The unnamed works referred to are The Register of the Most Noble Order of the Garter, 1724, by John Anstis (not Anstey), Garter King-at-Arms, and Elias Ashmole's Institutions, Laws and Ceremonies of the Order of the Garter, 1672. In the passage quoted from William Hay's Deformity, an Essay, 1754, the author is speaking of his experiences when in a mob.


[Page 342.] Reminiscences of Juke Judkins, Esq.

New Monthly Magazine, June, 1826. Signed "Elia." Not reprinted by Lamb.

Lamb seems to have intended to write a story of some length, for the promise "To be continued" was appended to the first instalment. But he did not return to it.


[Page 349.] Contributions To Hone's "Every-Day Book" and "Table Book."

I have arranged together all Lamb's prose contributions (except "A Death-Bed" and the Garrick Extracts) to William Hone's volumes—the Every-Day Book, both series, and the Table Book—in order to give them unity. It seemed better to do this than to interrupt the series for the sake of a chronological order which at this period of Lamb's life (1825-1827) was of very little importance. Three not absolutely certain pieces will be found in the Appendix.

William Hone (1780-1842) was a man of independent mind and chequered career. He started life in an attorney's office, but in 1800 exchanged the law for book-and-print selling, and began to exercise his thoughts upon public questions, always siding with the unpopular minority. He examined into what he considered public scandals with curiosity and persistence, undiscouraged by such private calamities as bankruptcy, and in many ways showed himself an "Enemy of the People." Some squibs against the Government, in the form of parodies of the Litany, the Church Catechism and the Athanasian Creed, led to a famous trial on December 17-19, 1817, in which, after a prolonged sitting—Hone's speech in his own defence lasting seven hours—he was acquitted, in spite of the adverse summing up of Lord Ellenborough. The verdict is said to have hastened Ellenborough's death. A public subscription for Hone realised upwards of £3,000, and he thereupon entered upon a more materially successful period of his career. He became more of a publisher and author, and less of a firebrand. He issued a number of cheap but worthy books, and in 1823 his own first important work, Ancient Mysteries.

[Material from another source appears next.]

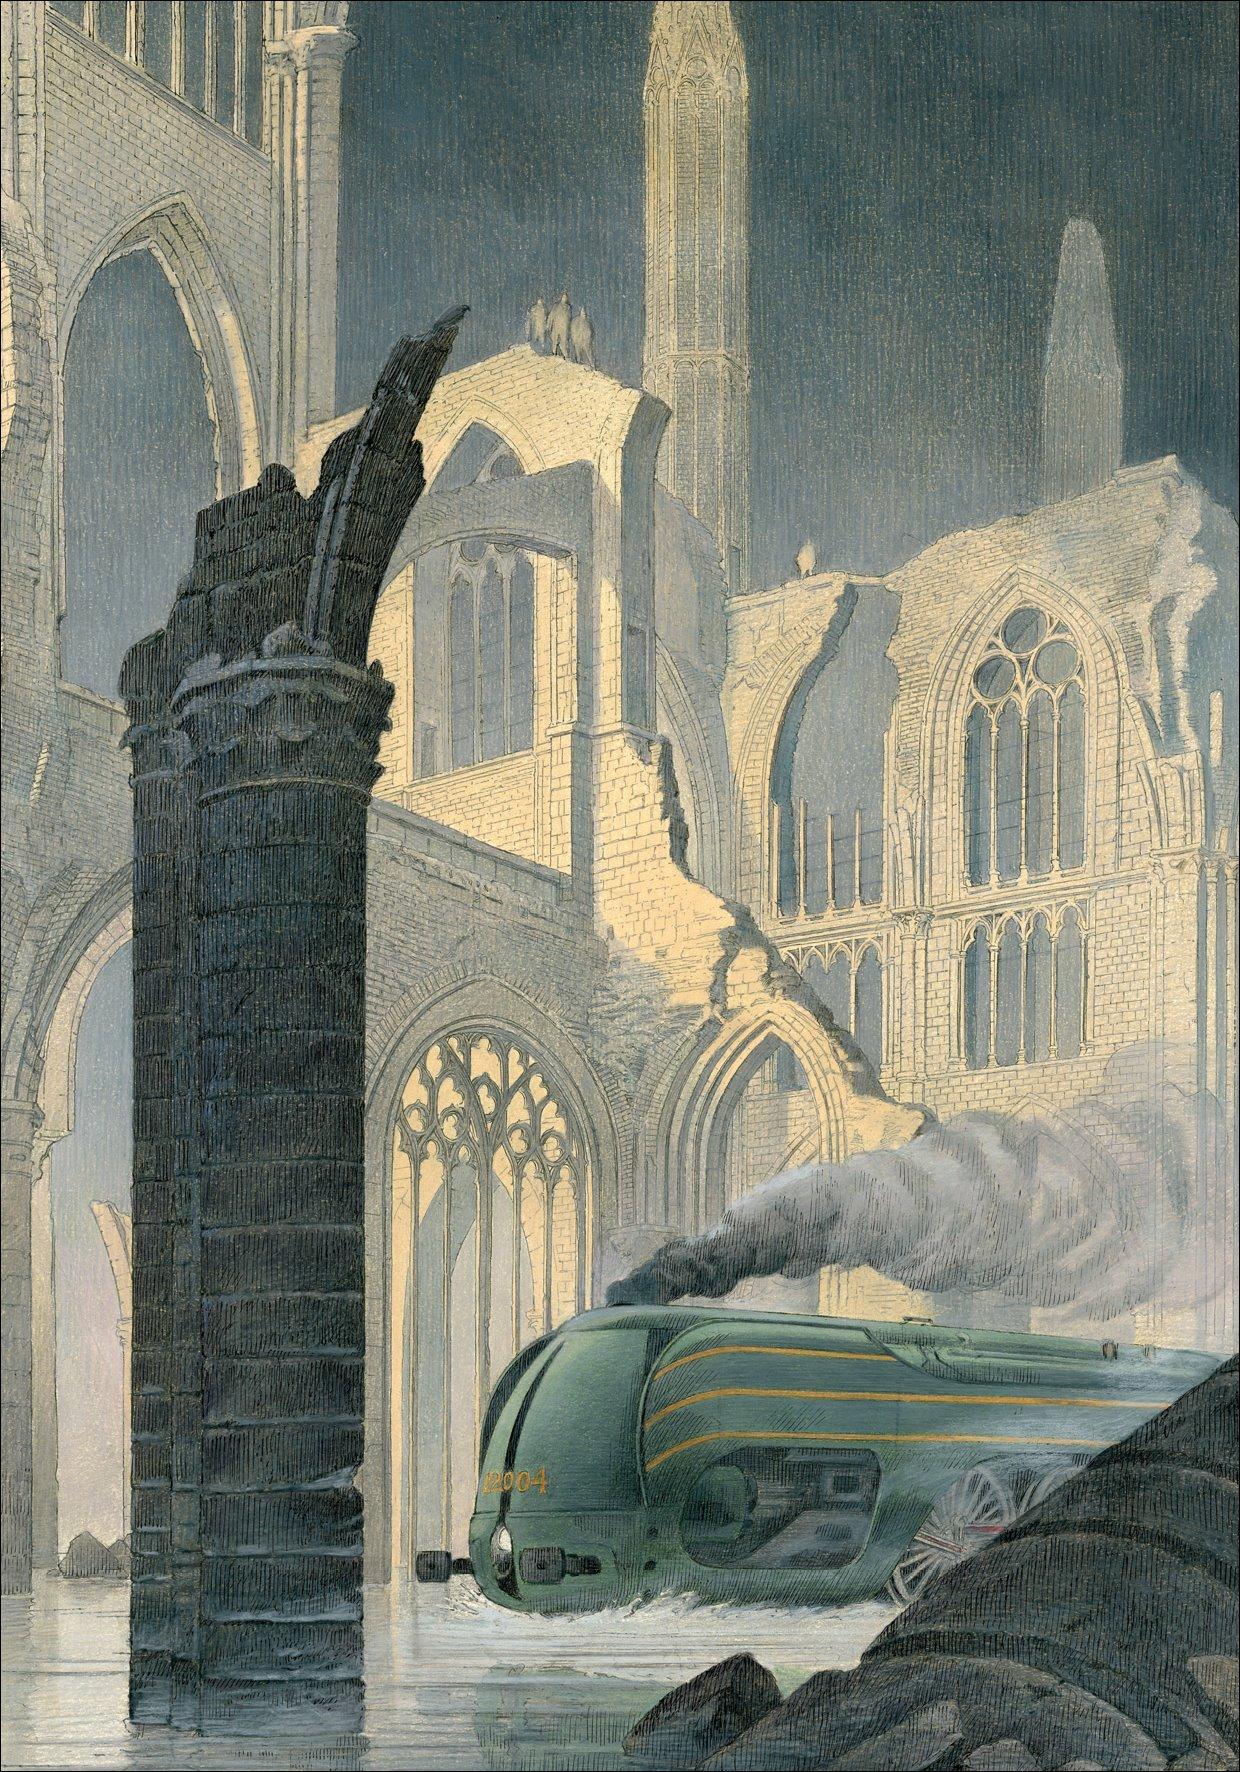 La Type 12 - Dans les ruines by François Schuiten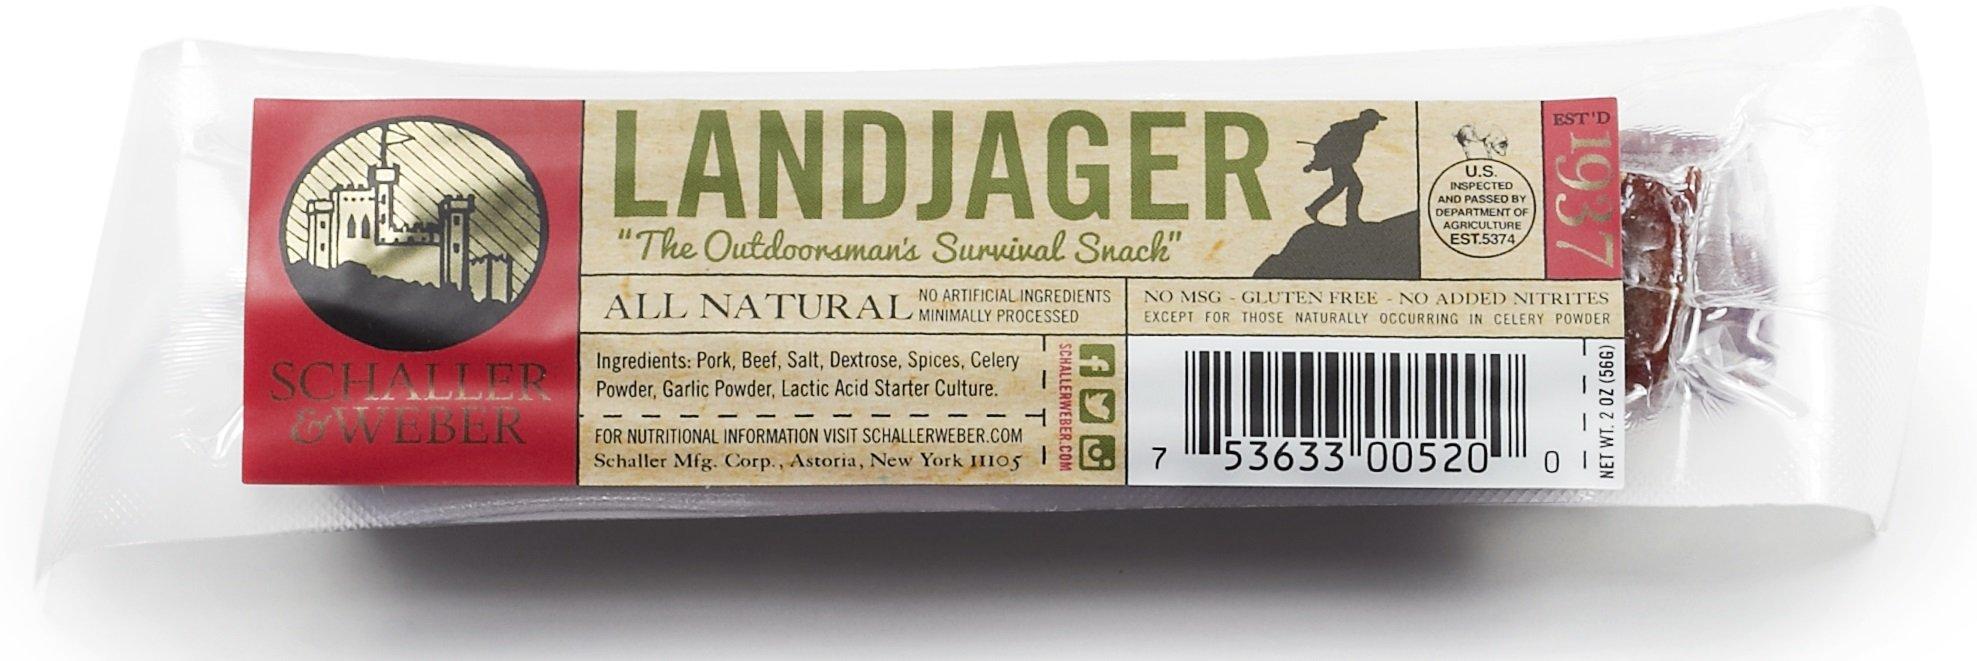 Schaller & Weber All Natural Landjaeger - 1 Pair (Pack of 10 Pairs)

Hone's title to fame, however, rests upon his discovery of George Cruikshank's genius and his Every-Day Book (Vol. I. running through 1825 and published in 1826; Vol. II. running through 1826 and published in 1827), his Table Talk, 1827, and his Year Book, 1831. These are admirable collections of old English lore, legends and curiosities, brought together by a kind-hearted, simple-minded man, to whom thousands of readers and hundreds of makers of books are indebted.